Heeeeeeey Friends!
Miss me?
I missed you.
I was *way* out of comission for the last week. I have had an insane work schedule....like, I'm talkin bout leaving my house at 6am and not walking in the door again until 9pm. Crazy Train. Needless to say, I was thrilled to have yesterday and Monday off for a much-needed rest.
And now we're back to the same ole same ole day-to-day stuff.
It has been brought to my attention that I have not updated much on the Weight Watchers front. Reason being that now I'm technically on maintenance and let's face it, it's just not exciting. Not exciting, that it, until your girl GAINS 3.5 pounds in seven quick days.
Yes.
You heard me. 3.5 pounds.
After the triathlon, I 'took some time off' but it wasn't like I was sitting around eating cup cakes and chili cheese fries every day. Okay maybe one day but not EVERY day. Not enough to warrent almost a 4-pound weight gain.
But after sweatin' it out all weekend at work, I weighed in this morning and lost that 3.5 pounds thank goodness! So it's all good. I just have to keep at it.
Which leads me to something (semi-) fun I've decided to do. I read The Fitnessista blog (for some reason I am having issues with my external links so here it is: fitnessista.com) and the author, Gina, is too cute.
She is a fitness trainer extrodonaire, and a raw food chef. I am neither, but I like her blog a lot. She is doing what she calls the "Summer Shape-Up," and it looks totally awesome.
She does a lot of yoga and stuff like that, which I don't really enjoy so I've decided to start my own.
Enter: Laura's Summer Firm-Up (you know, so as not to steal her name or anything)!

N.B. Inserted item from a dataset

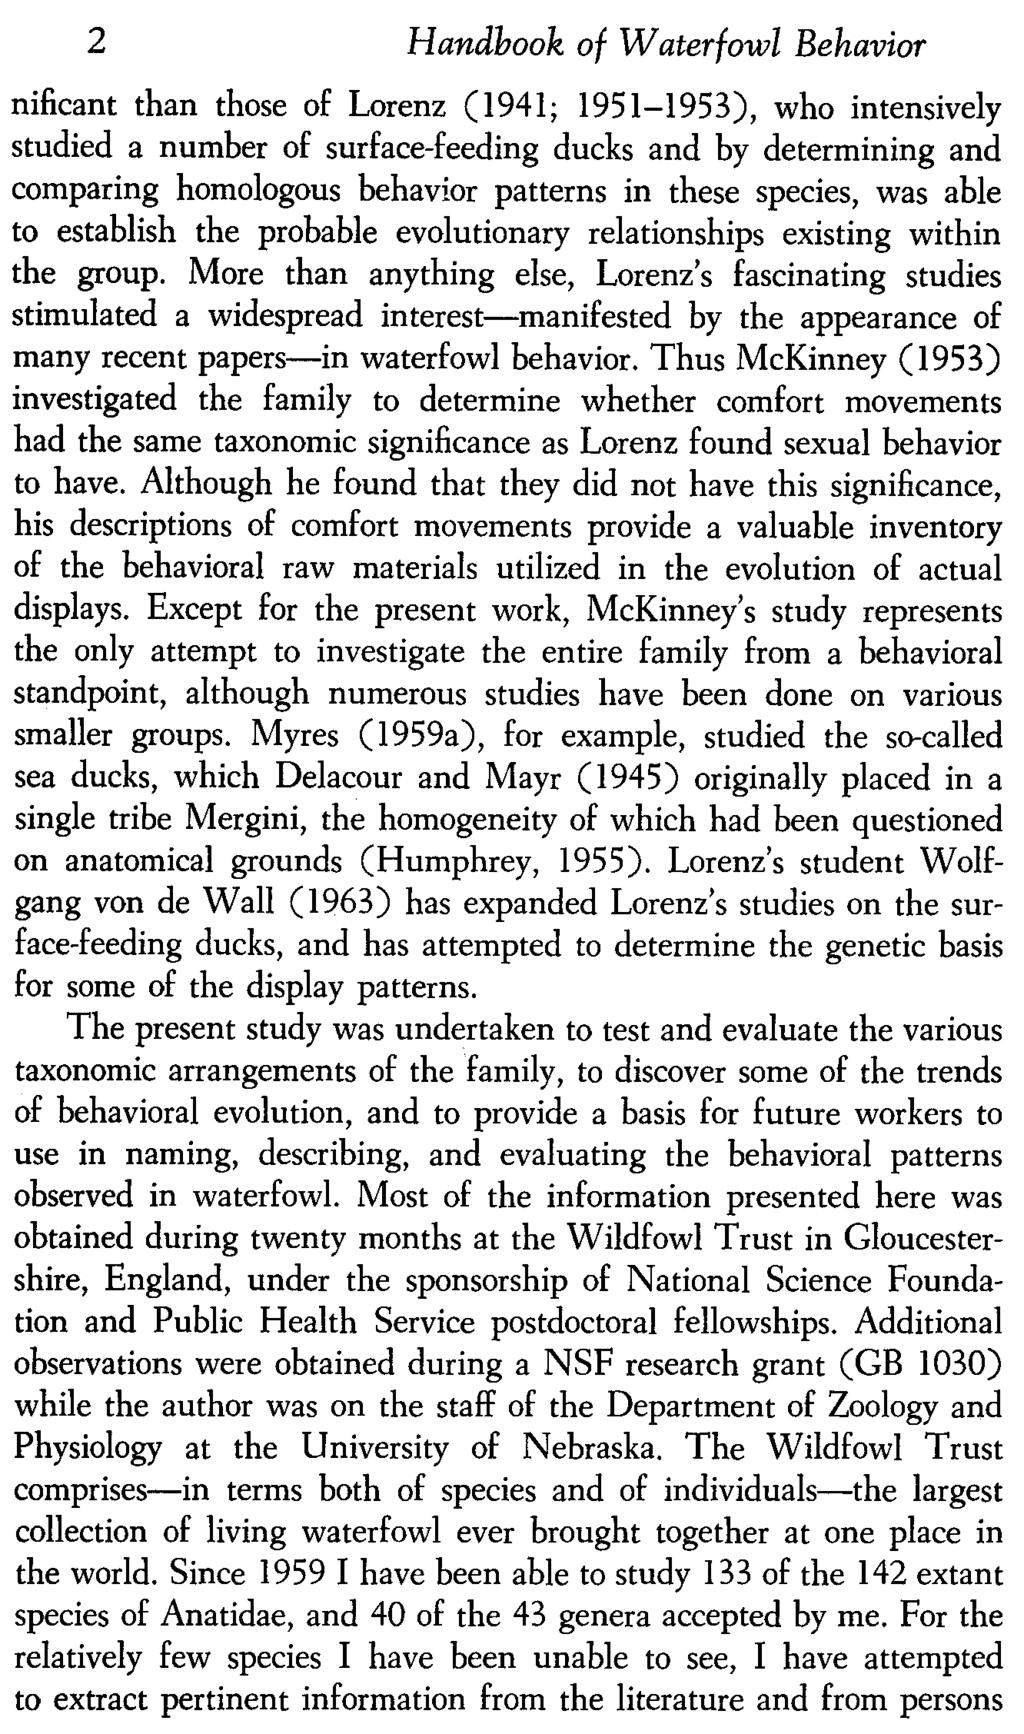 2 Handbook of Waterfowl Behavior nificant than those of Lorenz (194 1; 1951-1 953), who intensively studied a number of surface-feeding ducks and by determining and comparing homologous behavior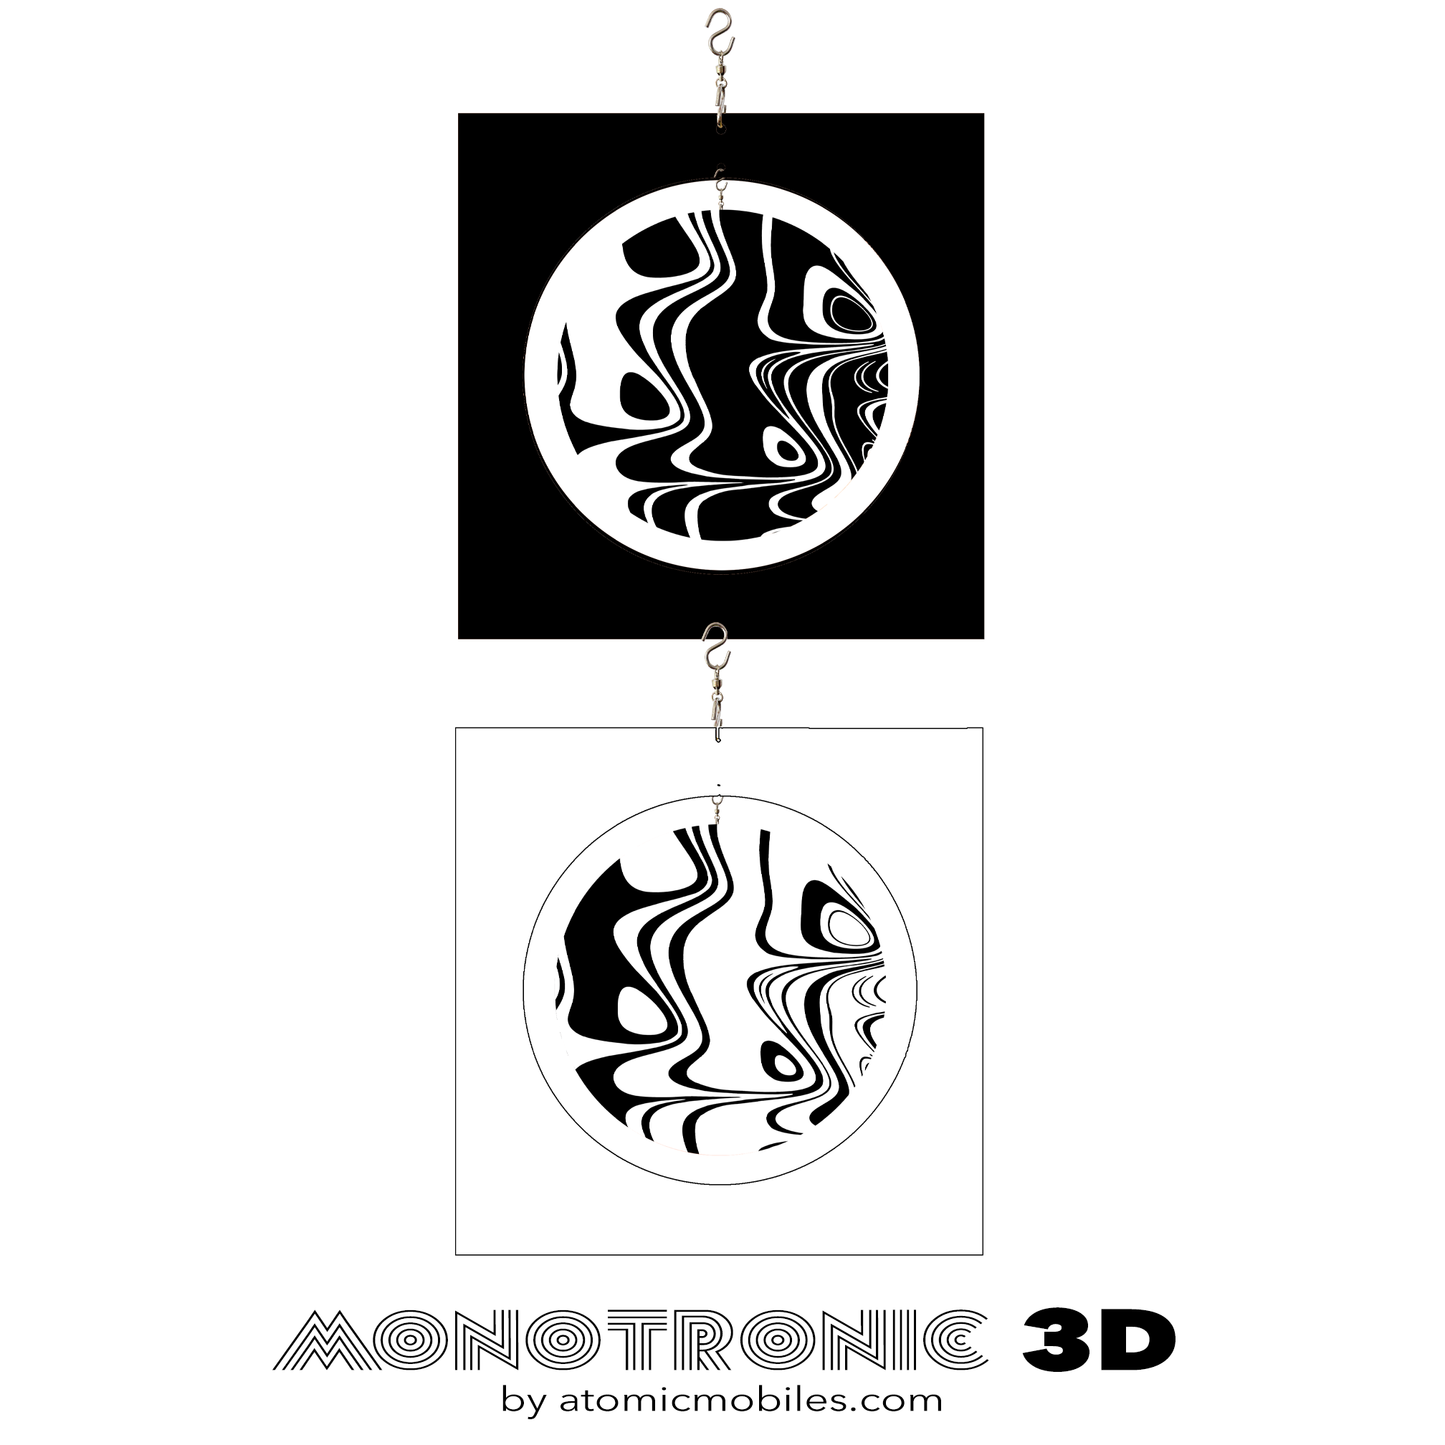 Groovy MONOTRONIC 3D 2 Panel Retro Black and White acrylic plexiglass kinetic hanging art in 1970s style by AtomicMobiles.com

The Fitnessista does different stuff each week to reach maximum athleticness, but I am no expert so mine is much simpler. Just something I'm trying in order to....you guessed it...firm up for summer!
So here we go...
Specifics:
Bike: 15-20 miles
Medium Run: 5-6 miles
Swim: swim one hour
Long Run: over 6 miles :)
Everyday: JILLIAN's 30-Day Shred with 5-lb weights
Day-by-Day Plan
Day 1: REST
Day 2: Bike
Day 3: Medium Run
Day 4: Sprint Workout on Treadmill
Day 5: Swim
Day 6: REST
Day 7: Long Run
(sidenote: Day 1 for me is Sunday because I like to take a day of rest on Sunday)
So whatcha think about that Jillian every. single. day? Boo-Ya!
Pretty hard-core, huh? I thought so.
I've mentioned before that I really want to firm up and get nice and toned since I've lost a good amount of fat. Shredding it with Jillian should be a good way to get that taken care of. Hopefully. I'll let you know. :)
We are on....wait for it....DAY TWO of Jillian so of course I'm feeling like a bad ass. We'll see how long that lasts.
What are YOU doing this summer to get ready for that new bikini?